Three-year follow-up analysis of the short-stitch versus long-stitch technique for elective midline abdominal closure randomized-controlled (ESTOIH) trial
- PMID: 38536592
- PMCID: PMC11297062
- DOI: 10.1007/s10029-024-03025-9
Three-year follow-up analysis of the short-stitch versus long-stitch technique for elective midline abdominal closure randomized-controlled (ESTOIH) trial
Abstract
Background: Clinical trials have shown reduced incisional hernia rates 1 year after elective median laparotomy closure using a short-stitch technique. With hernia development continuing beyond the first postoperative year, we aimed to compare incisional hernias 3 years after midline closure using short or long stitches in patients from the ESTOIH trial.
Methods: The ESTOIH trial was a prospective, multicenter, parallel-group, double-blind, randomized-controlled study of primary elective midline closure. Patients were randomized to fascia closure using a short- or long-stitch technique with a poly-4-hydroxybutyrate-based suture. A predefined 3-year follow-up analysis was performed with the radiological imaging-verified incisional hernia rate as the primary endpoint.
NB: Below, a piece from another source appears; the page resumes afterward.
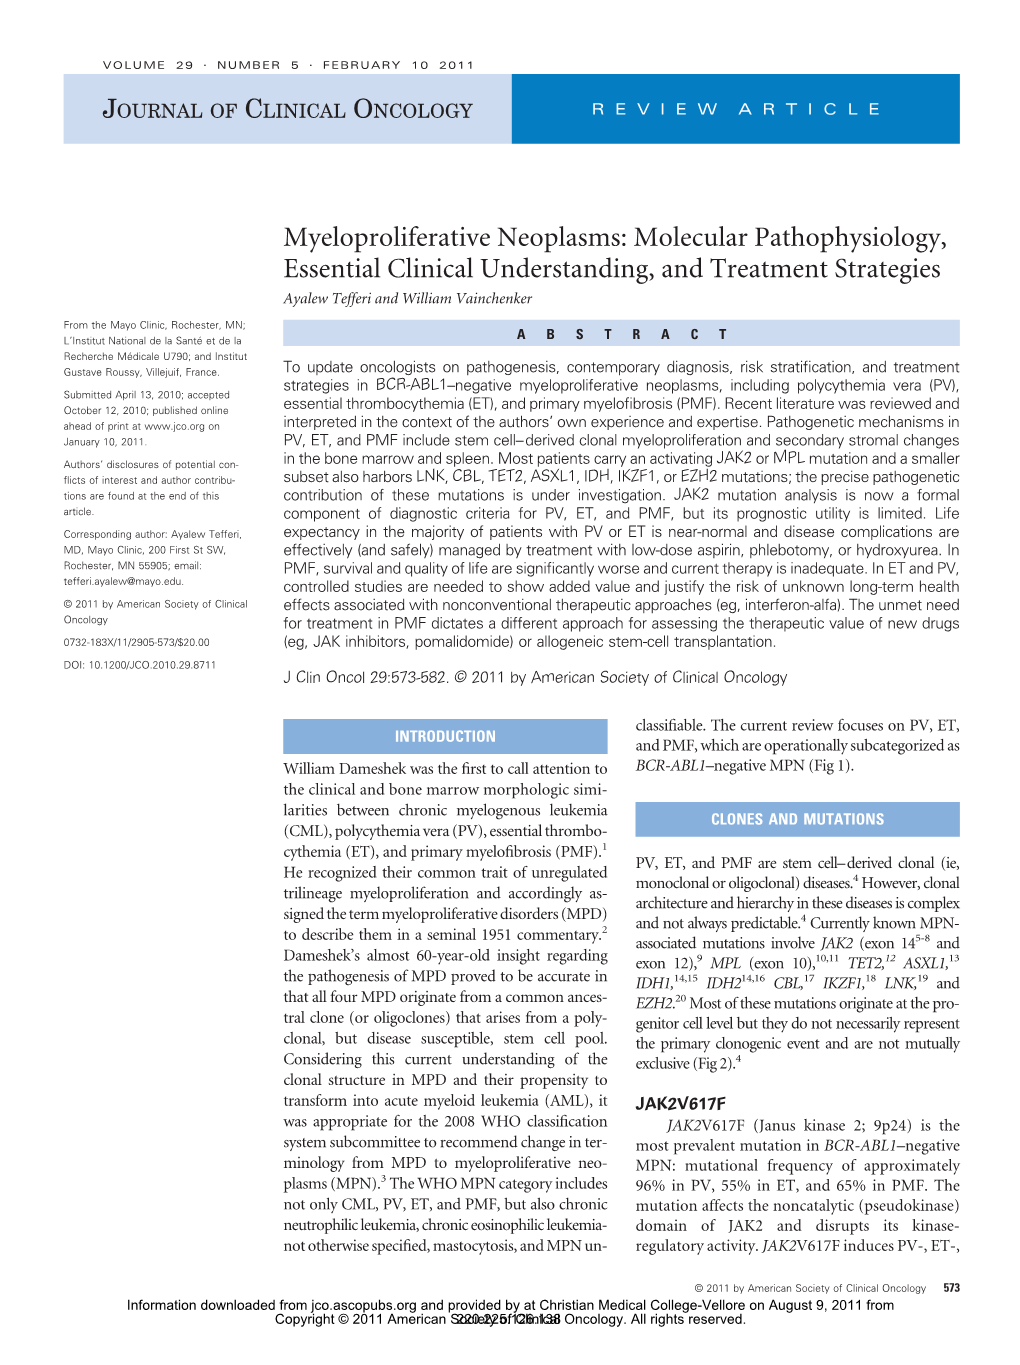 Myeloproliferative Neoplasms: Molecular Pathophysiology, Essential Clinical Understanding, and Treatment Strategies Ayalew Tefferi and William Vainchenker

Results: The 3-year intention-to-treat follow-up cohort consisted of 414 patients (210 short-stitch and 204 long-stitch technique) for analysis. Compared with 1 year postoperatively, incisional hernias increased from 4.83% (20/414 patients) to 9.02% (36/399 patients, p = 0.0183). The difference between the treatment groups at 3 years (short vs. long stitches, 15/198 patients (7.58%) vs. 21/201 (10.45%)) was not significant (OR, 1.4233; 95% CI [0.7112-2.8485]; p = 0.31).
Conclusion: Hernia rates increased significantly between one and 3 years postoperatively. The short-stitch technique using a poly-4-hydroxybutyrate-based suture is safe in the long term, while no significant advantage was found at 3 years postoperatively compared with the standard long-stitch technique.
Trial registry: NCT01965249, registered on 18 October 2013.
Keywords: Incisional hernia; Laparotomy; Prevention; Short stitches; Small bites; Randomised-controlled trial.
© 2024. The Author(s).
Conflict of interest statement
Participating institutions received case payments from Aesculap AG to cover the study costs. P.B. is an employee of Aesculap AG. F.K. reports personal fees from BD Bard outside the submitted work. R.F. reports personal fees from Aesculap AG during the conduct of the study, as well as personal fees from Aesculap AG and BD BARD outside the submitted work. M.A. reports personal fees from Aesculap AG during the conduct of the study, as well as personal fees from Aesculap AG outside the submitted work. The remaining authors declare no other conflicts of interest.